Washing Walmart


Last month I bought a $500 Walmart gift card on EBay.  When it arrived, I was afraid I had been scammed.  Read on to see why I bought the card, why I feared trouble, and how I protected my purchase…

To buy the $500 card, I spent $485 worth of EBay gift cards that I had purchased at Kmart using Sears gift cards.  The Sears gift cards had been purchased at Sears.com through the Ultimate Rewards mall for 10 points per dollar.  Are you with me so far?  When I purchased the $500 gift card on EBay for $485 I earned $9.70 in EBay bucks that can be used for future purchases.  My goal now is to turn the Walmart gift card into about $470 cash.  In the end, I will have spent $30 in exchange for $24.70 in EBay credit ($15 left over from the gift card and $9.70 in EBay bucks) and 5000 Ultimate Rewards points (worth $65.50 in Fair Trading Prices).  Since I’m sure I’ll use the EBay credit soon, my final tally will be to have spent $5.30 in exchange for 5000 Ultimate Rewards points.  That’s an excellent return, but arguably more trouble than it’s worth.  Anyway, you now know why I bought the Walmart card.

The card took almost a month to arrive.  I have no idea why the seller took so long, but be prepared if you make similar purchases!  Worse, when it arrived it looked weathered and used.  The rectangle on the back that hides the pin code had already been scratched off.  I was worried, of course, that I had been cheated.  Had the seller spent all the money on the card already?  I went to Walmart.com to check the gift card balance and was relieved to see that it had the full $500 amount on the card.  

I was still worried, though.  An unethical gift card seller could keep a copy of the card number and pin and, over time, drain the card of its value without the buyer knowing.  I was worried that if I sold the card to a gift card re-seller, as I had planned, they might receive the card with less value than when I shipped it.
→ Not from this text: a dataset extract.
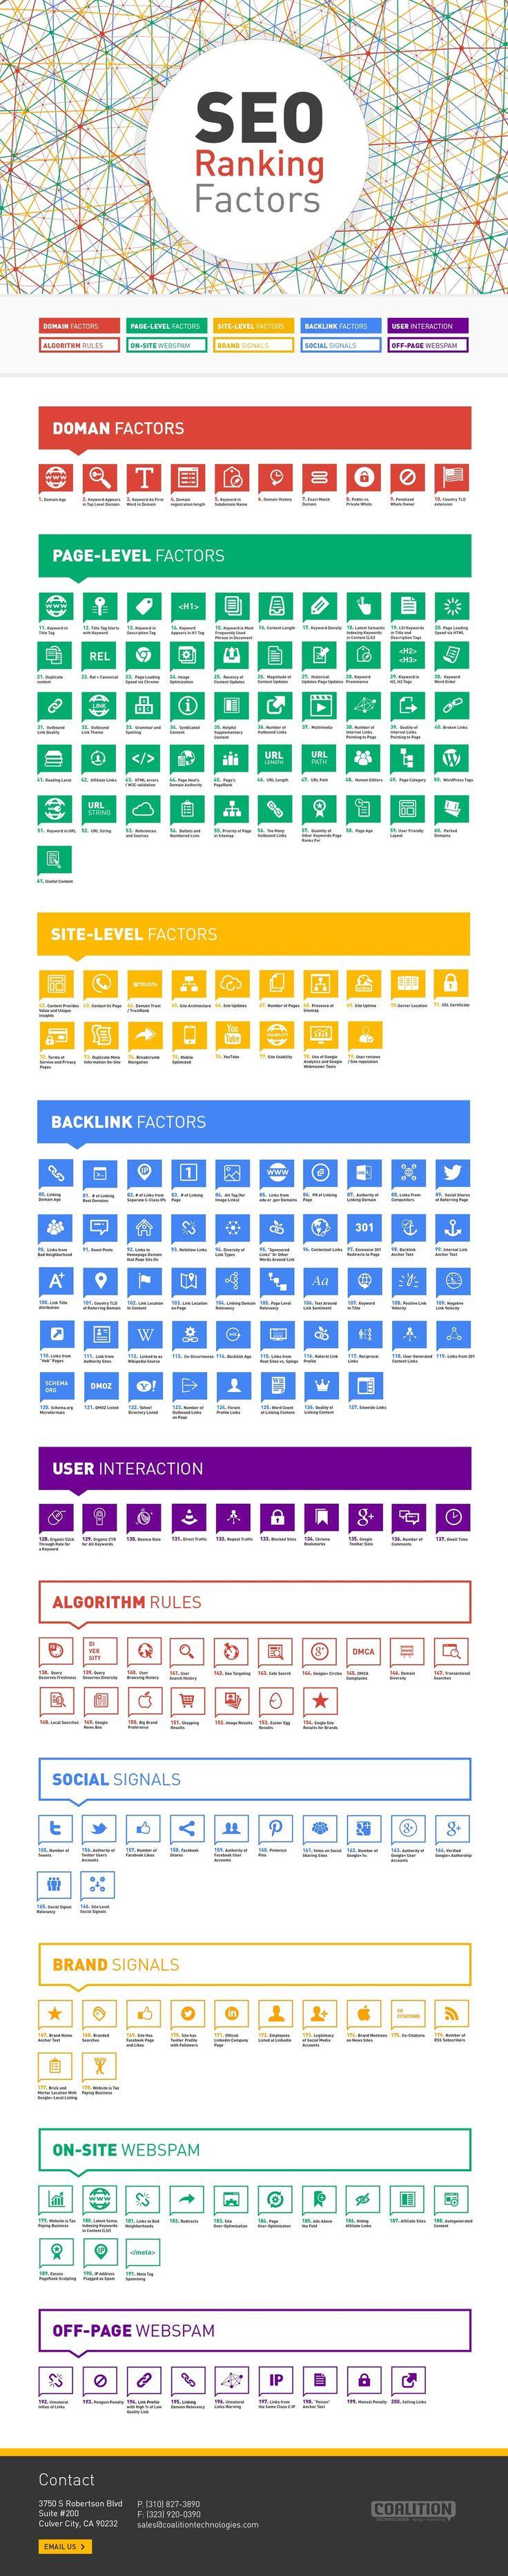 Infografik: SEO Ranking Faktors - Diese Infografik zeigt Domain-, Page-Level-, Site-Level-, Backlink-Faktoren sowie die User-Interaktion. SEO-Beratung erhalten Sie unter www.ihp-media.com #Suchmaschinenoptimierung #SEO #Ranking #Backlinks #Google
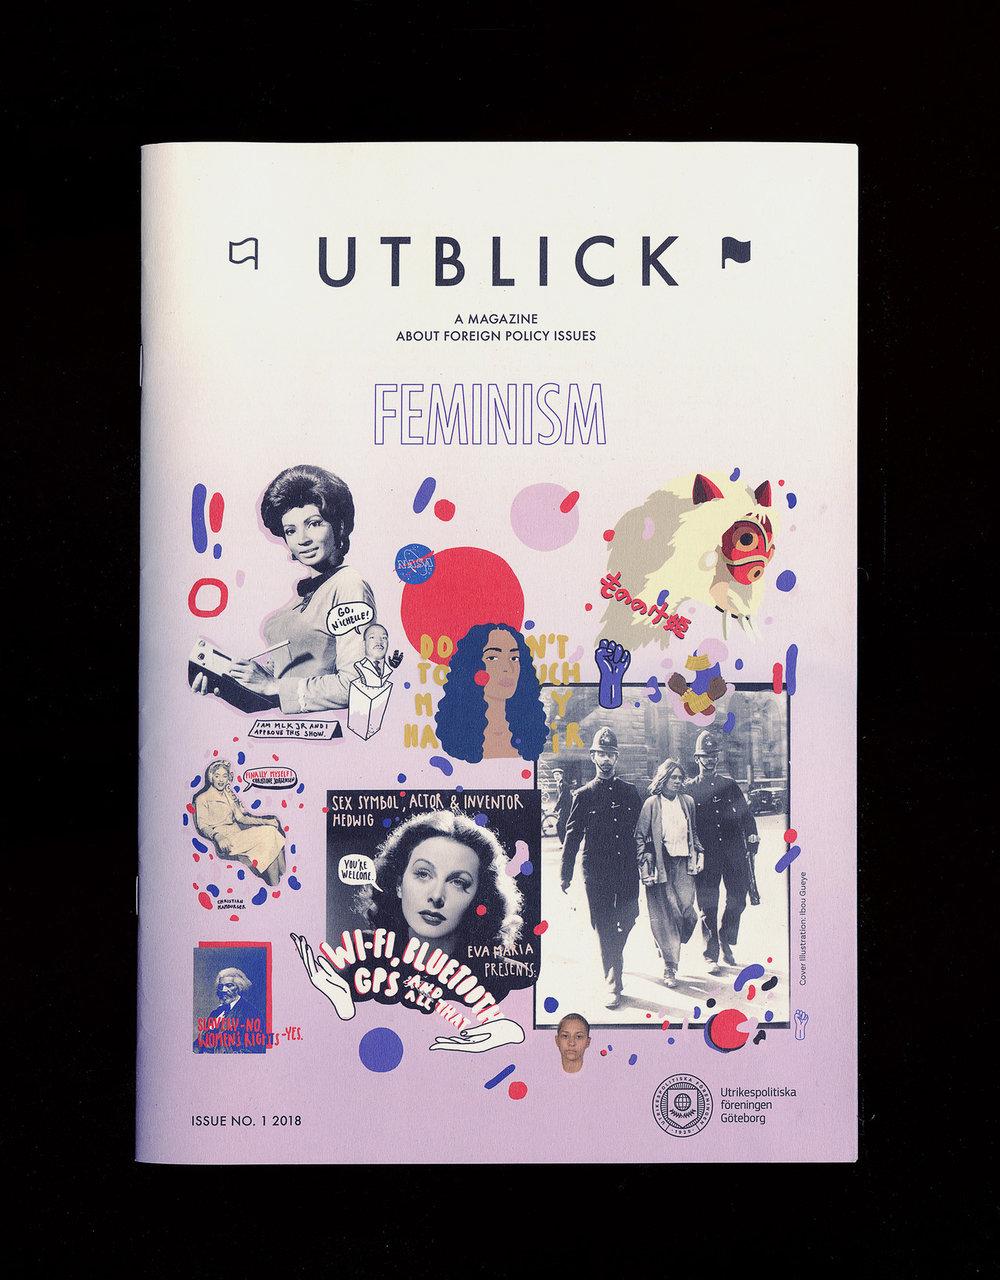 © Ibou Gueye, 'Feminism', cover illustration for UTBLICK, Sweden, 2018

Luckily, Walmart is one of the few online merchants that will let you buy gift cards using gift cards.  So, I used the questionable gift card to buy $500 worth of brand spanking new gift cards.  I picked out cute ones, just because I could:


I could have bought one $500 card, but I bought 5 $100 cards instead.  This way I can test out different card re-sellers to see who gives the best cash back and service when selling to them.  Also, some won’t buy cards with more than $300 value, so the smaller denominations are better in that way.  

The cards arrived promptly and in perfect condition.  I’ve sold two already and hope to report back the results soon.

So, there you have it: gift card laundering at its finest.